De Diario de la errancia. Elogio del viaje (2020, La docta ignorancia)
«Me gusta la frase de un explorador –escrita en el hielo–
cuando moría: ‘no lamento este viaje’».
Georges Bataille
Freud contemplaba incrédulo el paisaje de la Acrópolis: «¿Acaso esto de verdad existe?».
Yo contemplaba el río Duero con la misma incredulidad. Otros paisajes quizás habían sido más deslumbrantes, más majestuosos. Nunca sabemos con exactitud qué tipo de belleza puede conmocionarnos. Imposible también calcular las coordenadas íntimas, subjetivas, que se trazan en el encuentro con esos paisajes. Algo aconteció por fuera de las probabilidades, de lo previsible. Algo me hizo caer desde la cima misma del deleite.

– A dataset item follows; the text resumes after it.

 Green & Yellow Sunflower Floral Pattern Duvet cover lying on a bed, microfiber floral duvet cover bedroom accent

Si el río nunca es el mismo, tampoco lo es quien lo contempla. Frente al río Duero, yo no era la misma que había mojado los pies con cautela religiosa en el río Arrayanes, ni la que había naufragado en la orilla del Sena.
¿Había llegado, como Freud, demasiado lejos? ¿Se trataba, acaso, del cumplimiento de «un deseo de intensidad avasalladora»? ¿Qué fue, para mí, un padre en ese instante de extravío?

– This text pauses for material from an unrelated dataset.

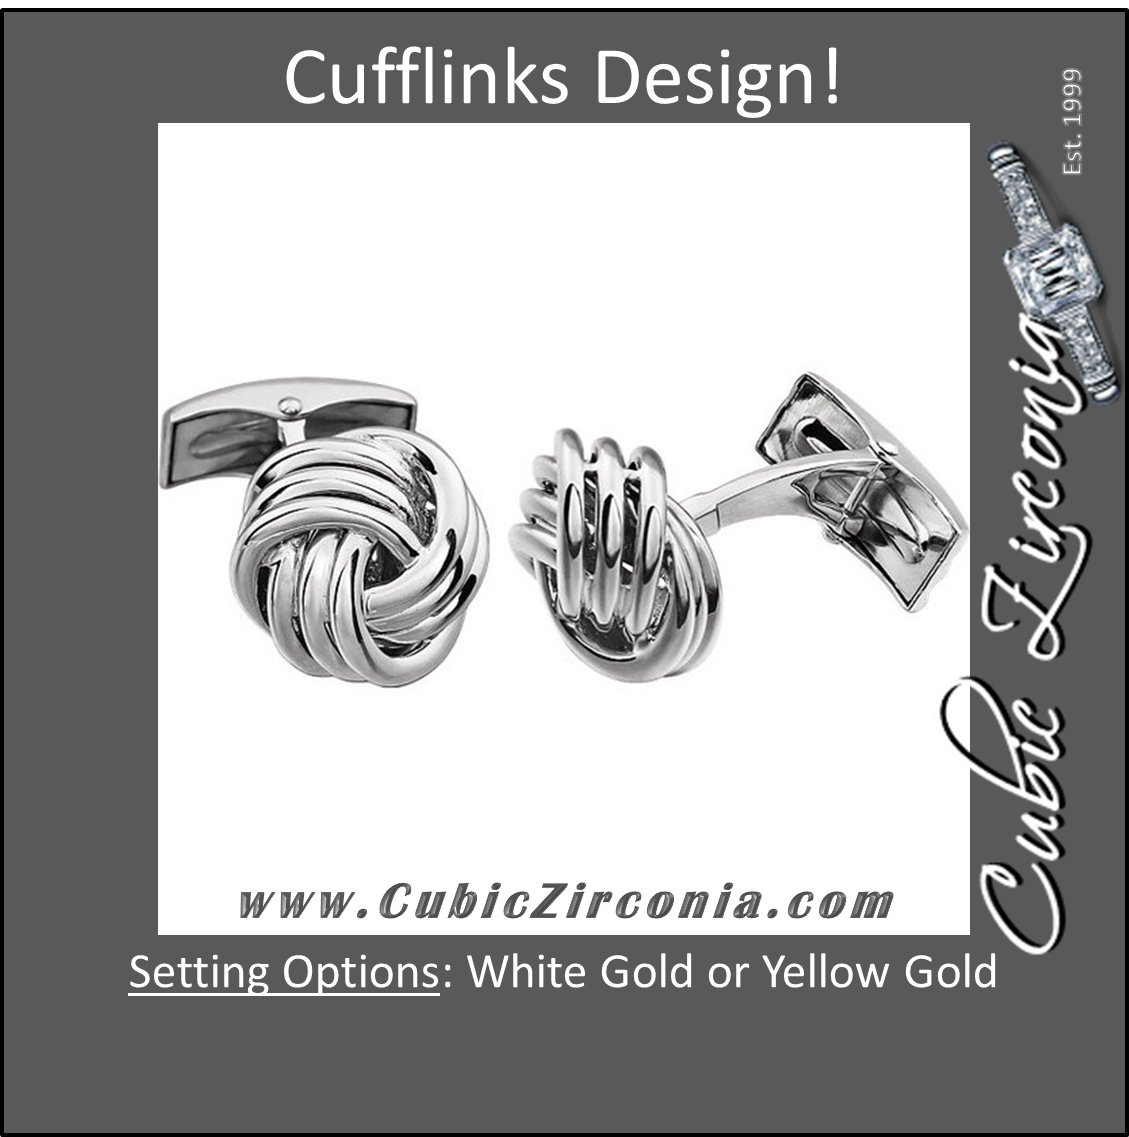 Men's Cufflinks- 14K White or Yellow Gold Thick Knot Design

Las preguntas fueron otras: cómo se enloquece en tierra extranjera, cómo regresar desde ese lugar al que me precipitaba. La respuesta frente a la locura siempre es la huida. Yo corrí. Tropecé cuesta arriba, por las calles empedradas y empinadas que me devolvían a la ciudad. Busqué amparo de la inmensidad. Del río infinito que se abría frente a mí.
Viajar es siempre imposible. Viajar es nadar contra la corriente, contra todo pronóstico. Viajar es siempre llegar demasiado lejos. Viajar es, también, el peligro de no saber cómo volver. Pero nunca lamentar el viaje.